*** Stored data Section Begins ***

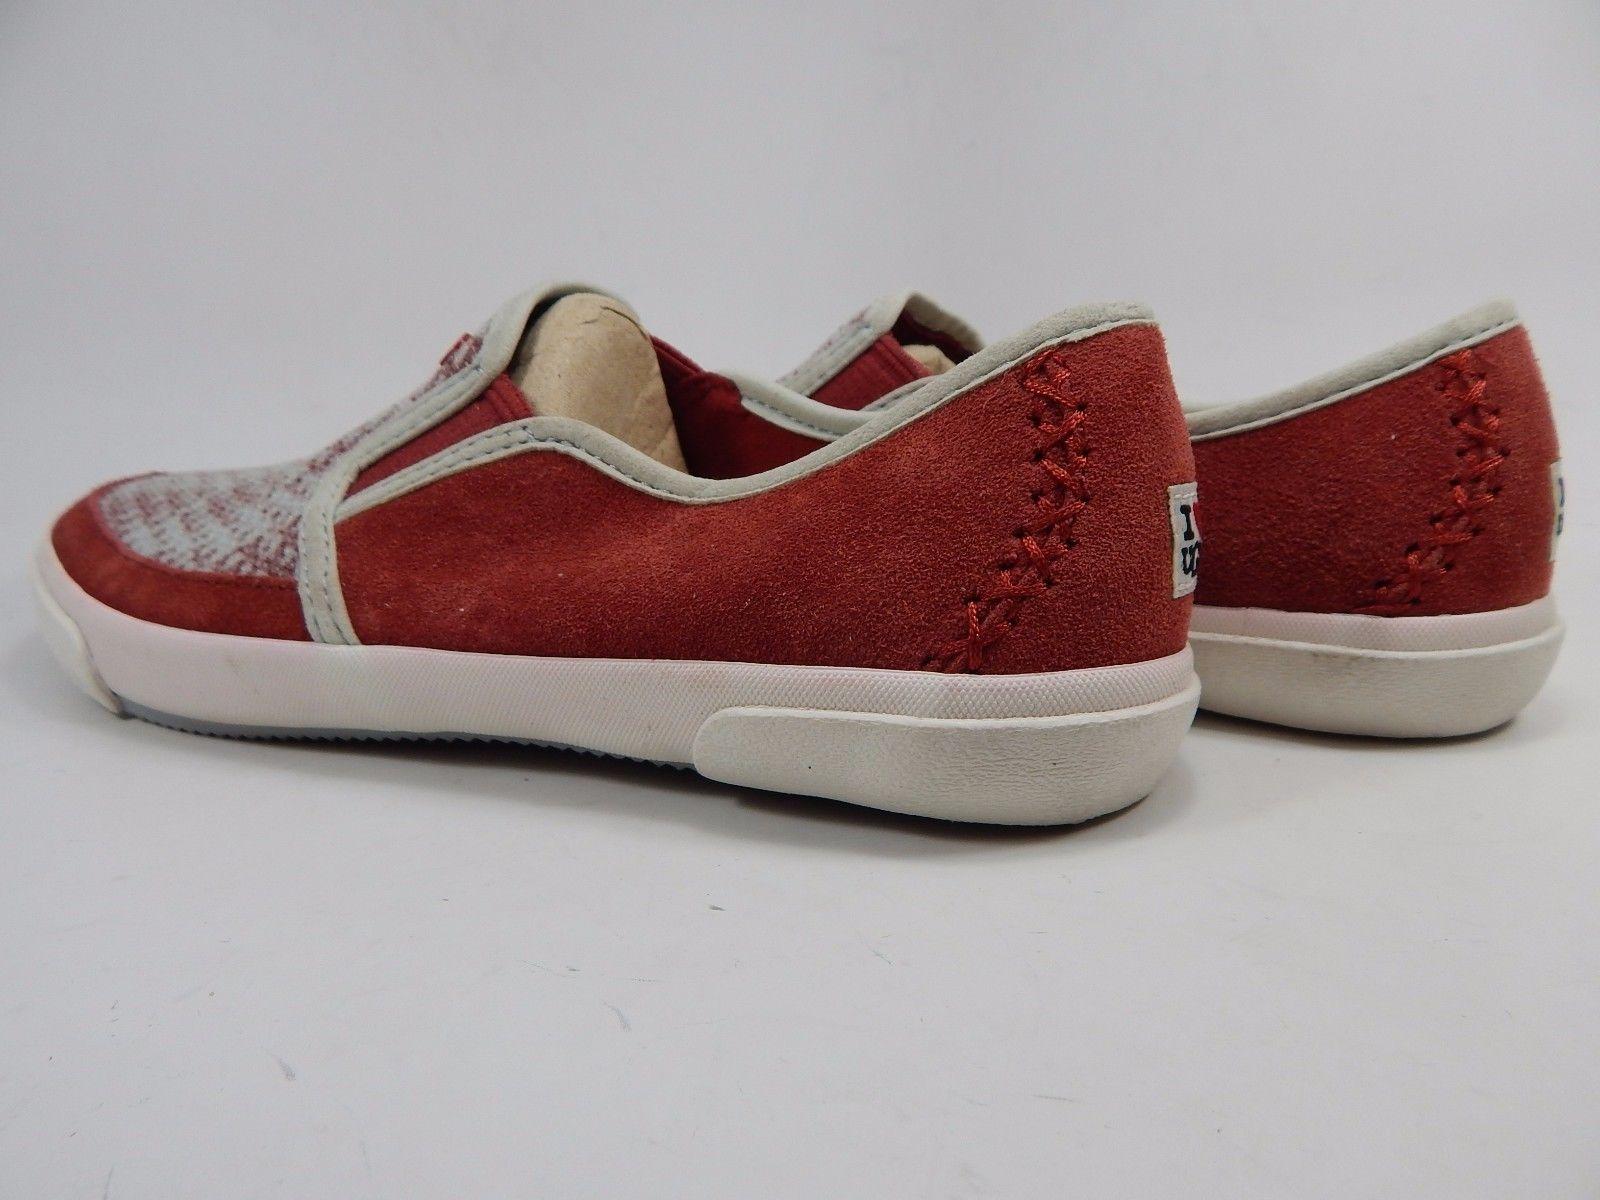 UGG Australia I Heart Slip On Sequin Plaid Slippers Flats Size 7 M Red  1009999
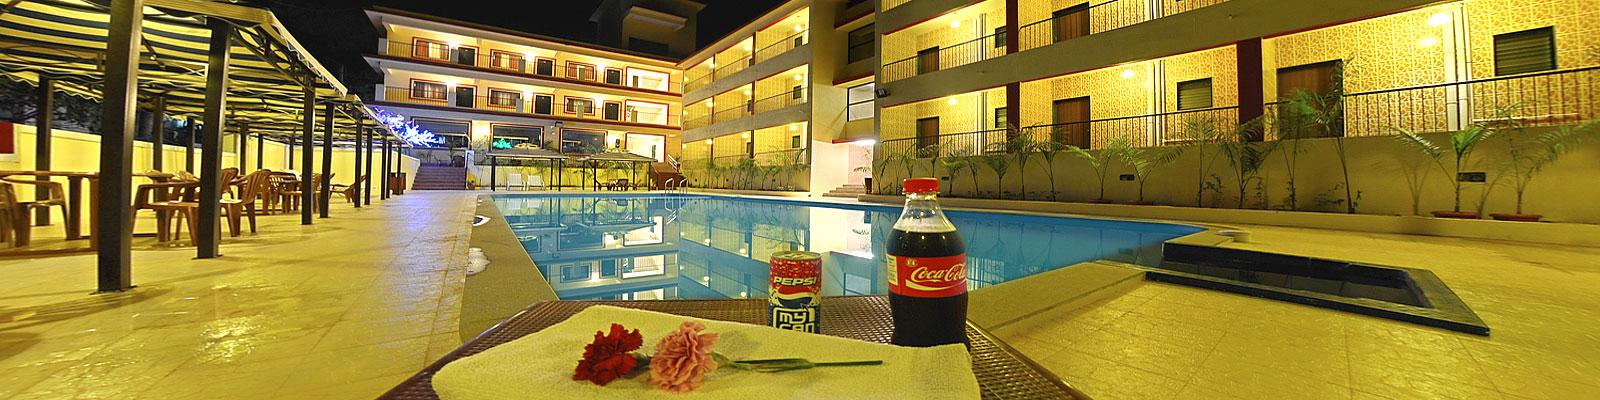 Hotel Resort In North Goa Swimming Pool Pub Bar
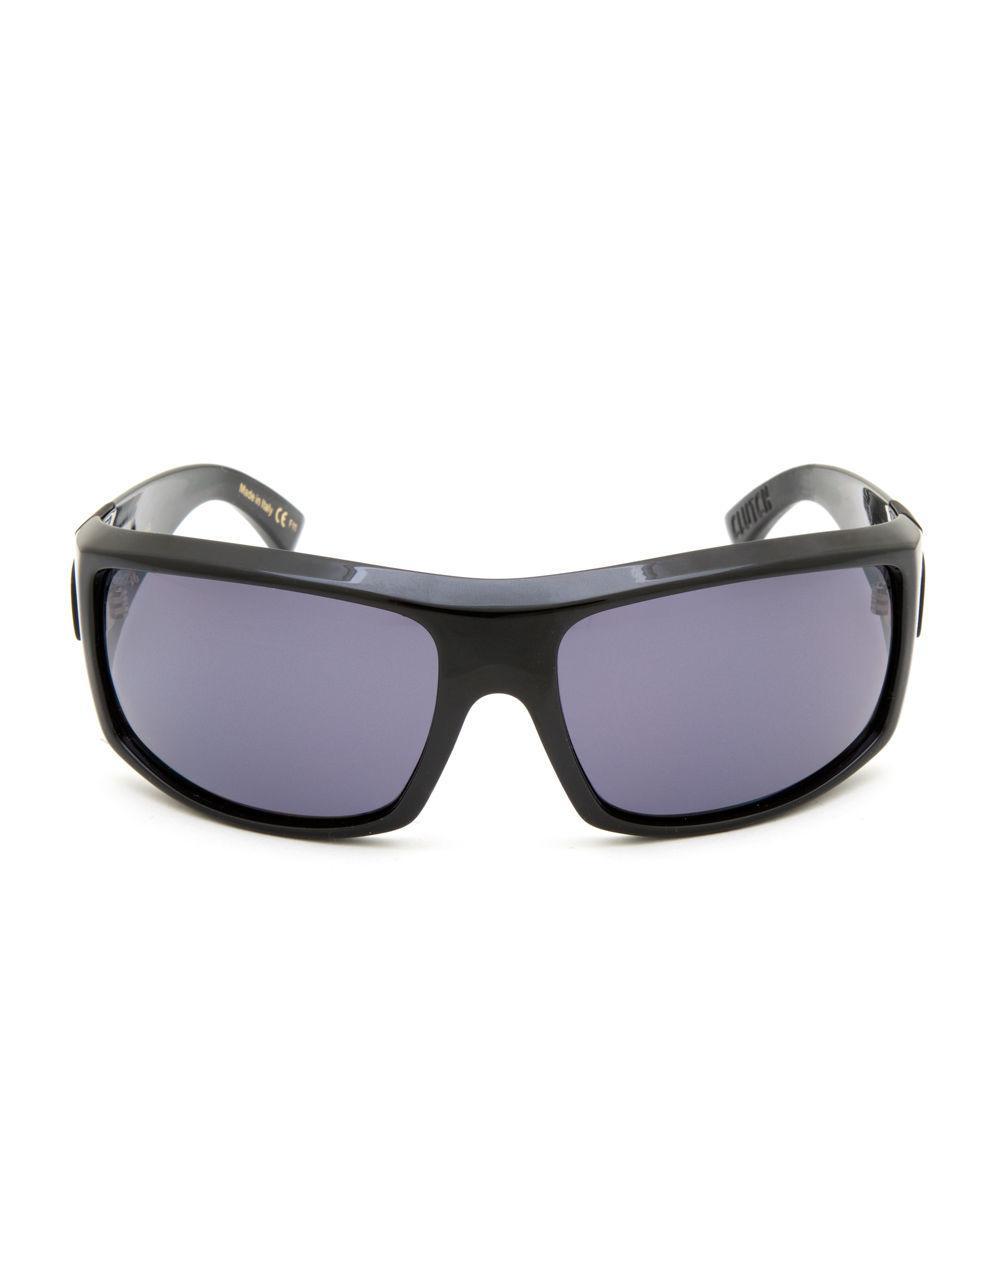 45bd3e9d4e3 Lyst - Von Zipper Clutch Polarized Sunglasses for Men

*** Stored data Section Ends ***

Exercise details →
Drop the pictures and copy the data exactly.

Answer to this problem →
 UGG Australia I Heart Slip On Sequin Plaid Slippers Flats Size 7 M Red  1009999
 Hotel Resort In North Goa Swimming Pool Pub Bar
 45bd3e9d4e3 Lyst - Von Zipper Clutch Polarized Sunglasses for Men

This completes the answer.